La direction du mouvement a rapidement resserré les rangs. Une figure dirigeante a souligné que retirer ces emblèmes ne constituait en rien une infraction, tandis que Louis Aliot, vice-président du RN et maire réélu de Perpignan, a ironisé sur le fait qu’il avait lui-même procédé à cette suppression il y a plusieurs années sans que personne ne s’en émeuve. Les nouveaux venus ne se sont pas arrêtés là. À Liévin, le maire a supprimé la cérémonie du 1er Mai organisée à l’hôtel de ville, estimant que les syndicats détournaient cette tradition à des fins politiques et propagandistes. Une décision qui a suscité des remous dans le bassin minier, pourtant proche du fief de Marine Le Pen.

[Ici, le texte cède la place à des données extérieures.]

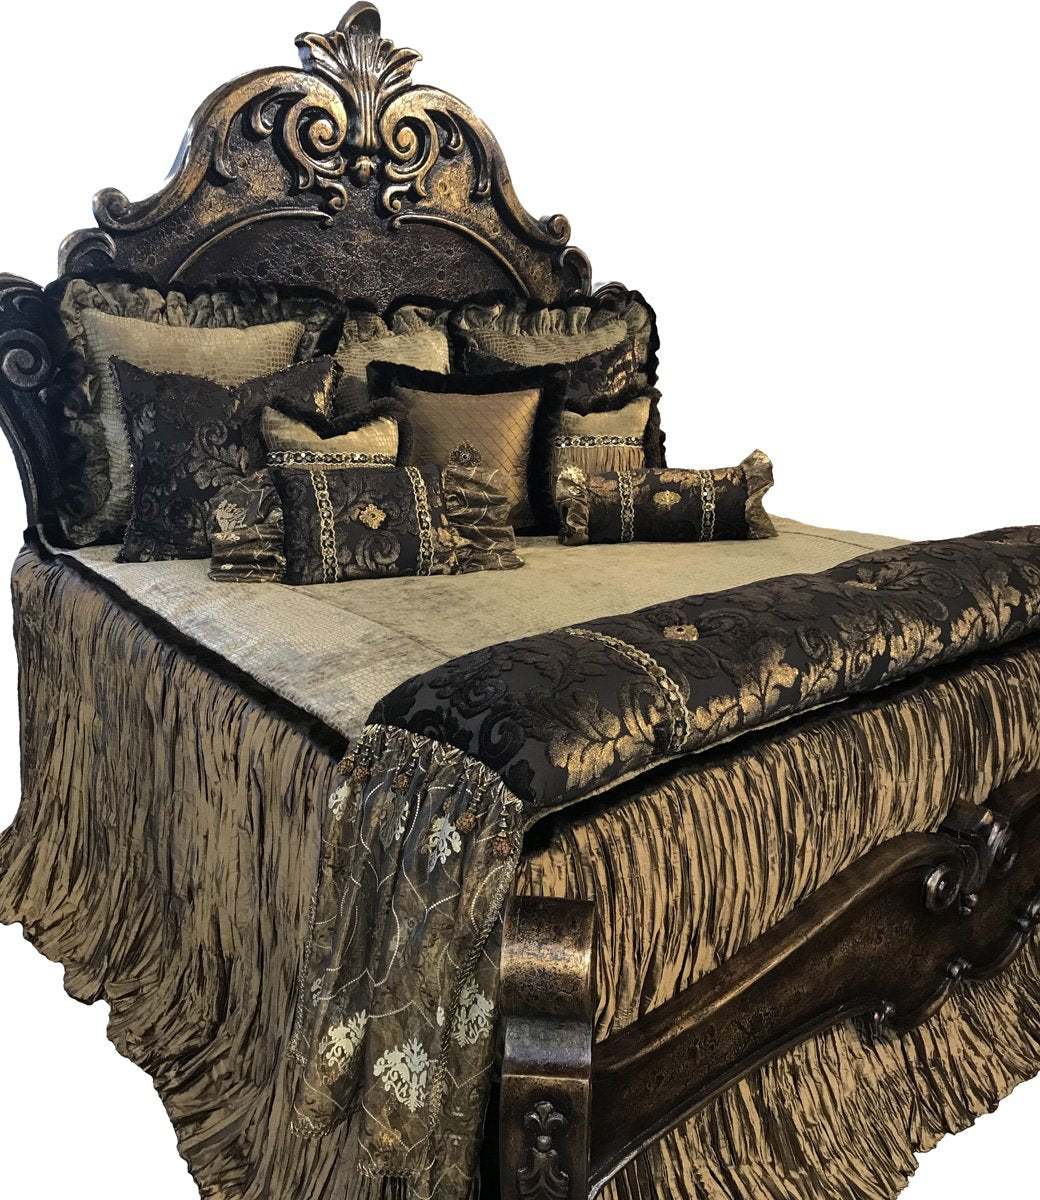 comforter sets king (Luxury). Beautiful
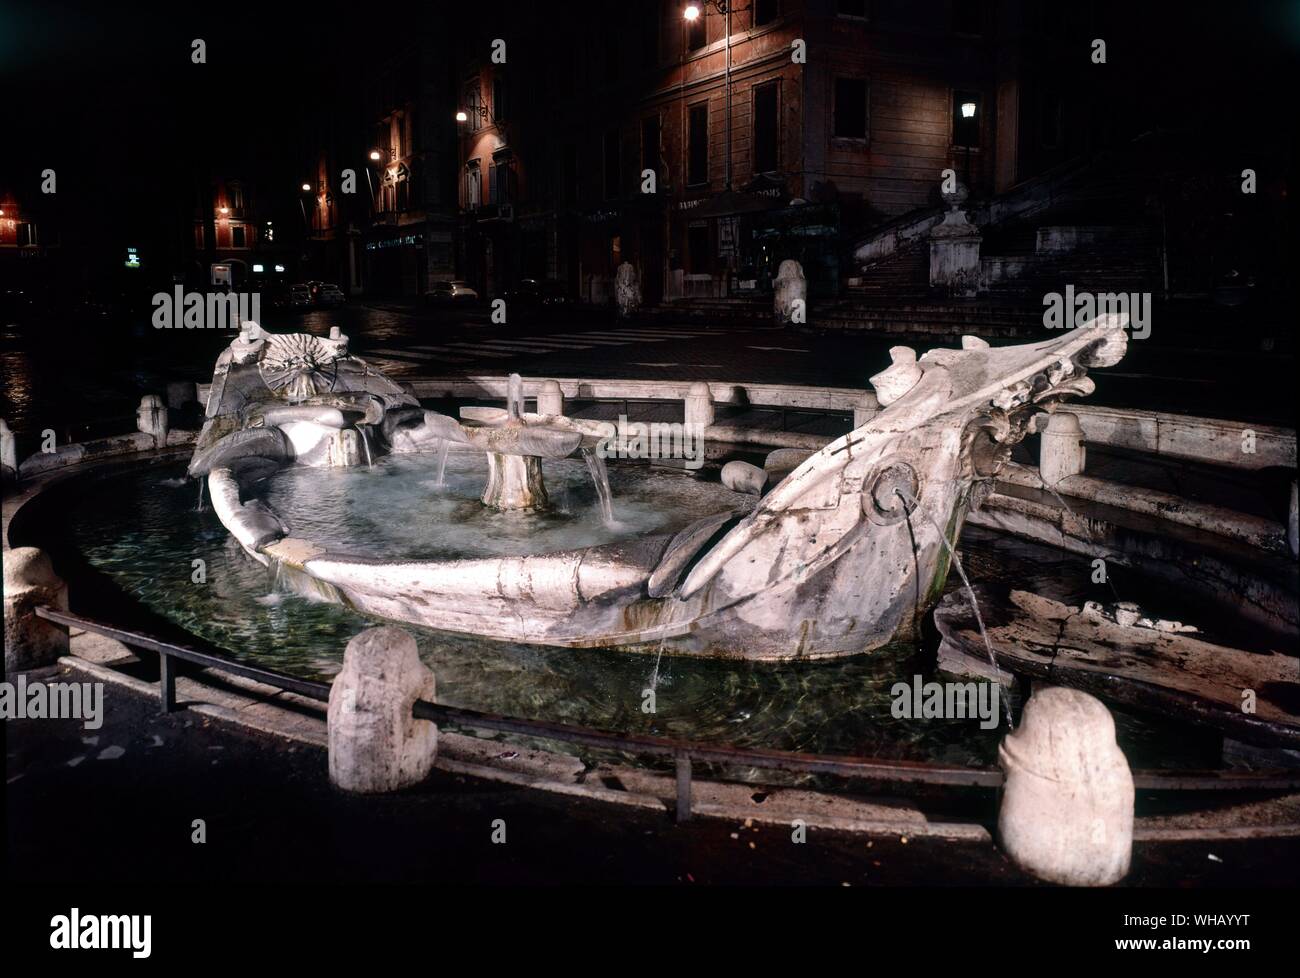 Les eaux de Rome par H. C. Morton. La Barcaccia dans la Piazza di Spagna. Pl. 4, p. 44. Dans la Piazza à la base est le début du Baroque fontaine dite La Barcaccia (le vilain bateau), souvent portés à Pietro Bernini, père d'un fils plus célèbre Gian Lorenzo Bernini, qui a collaboré à la décoration. Selon une légende, le Pape Urbain VIII avait une fontaine mettre dans l'endroit qu'il avait été impressionné par un bateau apporté ici par une inondation du Tibre.. . Banque D'Images

Certains responsables du parti auraient préféré éviter cette controverse. Un parlementaire a confié que ce jeune élu, peut-être malgré lui, avait besoin d’être encadré en début de mandat pour ne pas donner l’impression que la liberté syndicale serait menacée en cas d’accession au pouvoir. Cette préoccupation est d’autant plus vive que les deux candidats potentiels du RN multiplient les rencontres avec le monde patronal. Pourtant, il est difficile de modérer les ardeurs des plus zélés. Christophe Barthès, toujours lui, entend désormais expulser les syndicats de la bourse du travail de Carcassonne, jusqu’ici mise à leur disposition gratuitement. Il a également supprimé les subventions à la Ligue des droits de l’Homme et menacé de faire de même avec les associations qui s’opposeraient à sa politique.

Louis Aliot a défendu son collègue en le décrivant comme une forte personnalité, un peu brutale mais correspondant à ce pour quoi les électeurs ont voté. D’autres voix, plus réservées, admettent que cet élu a les défauts de ses qualités, mais regrettent qu’il ne soit pas le plus habile de la bande. Un cadre a exprimé le souhait que les responsables locaux évitent de sombrer dans une forme de règlement de comptes, d’autant que ces polémiques pourraient peser sur la campagne présidentielle. Un habitué des médias nationaux a confié ne pas vouloir commenter les décisions des maires pendant cette période, sans même évoquer les répercussions possibles lors des élections sénatoriales de septembre.

Face à ces critiques, une autre figure du parti a rejeté la responsabilité sur un traitement médiatique disproportionné, dénonçant une tentative de diaboliser les élus RN. Un parlementaire, dépité, a regretté que la moindre action soit montée en épingle. La liste des mesures contestées s’allonge pourtant : réduction des subventions aux associations à Bagnols-sur-Cèze et à La Flèche, diminution du festival de cinéma et des concerts estivaux gratuits à Agde, annulation du festival de jazz à Vauvert. Un autre choix culturel risque d’alimenter les critiques : le chanteur Jean-Luc Lahaye, condamné à deux reprises pour atteinte sexuelle et corruption de mineurs et toujours mis en examen pour viol et agression sexuelle sur mineur, est annoncé en concert le 29 mai à Hénin-Beaumont, puis le 14 juillet à Billy-Montigny. Le maire de cette dernière commune a justifié cette invitation en estimant que l’artiste avait payé sa dette à la société.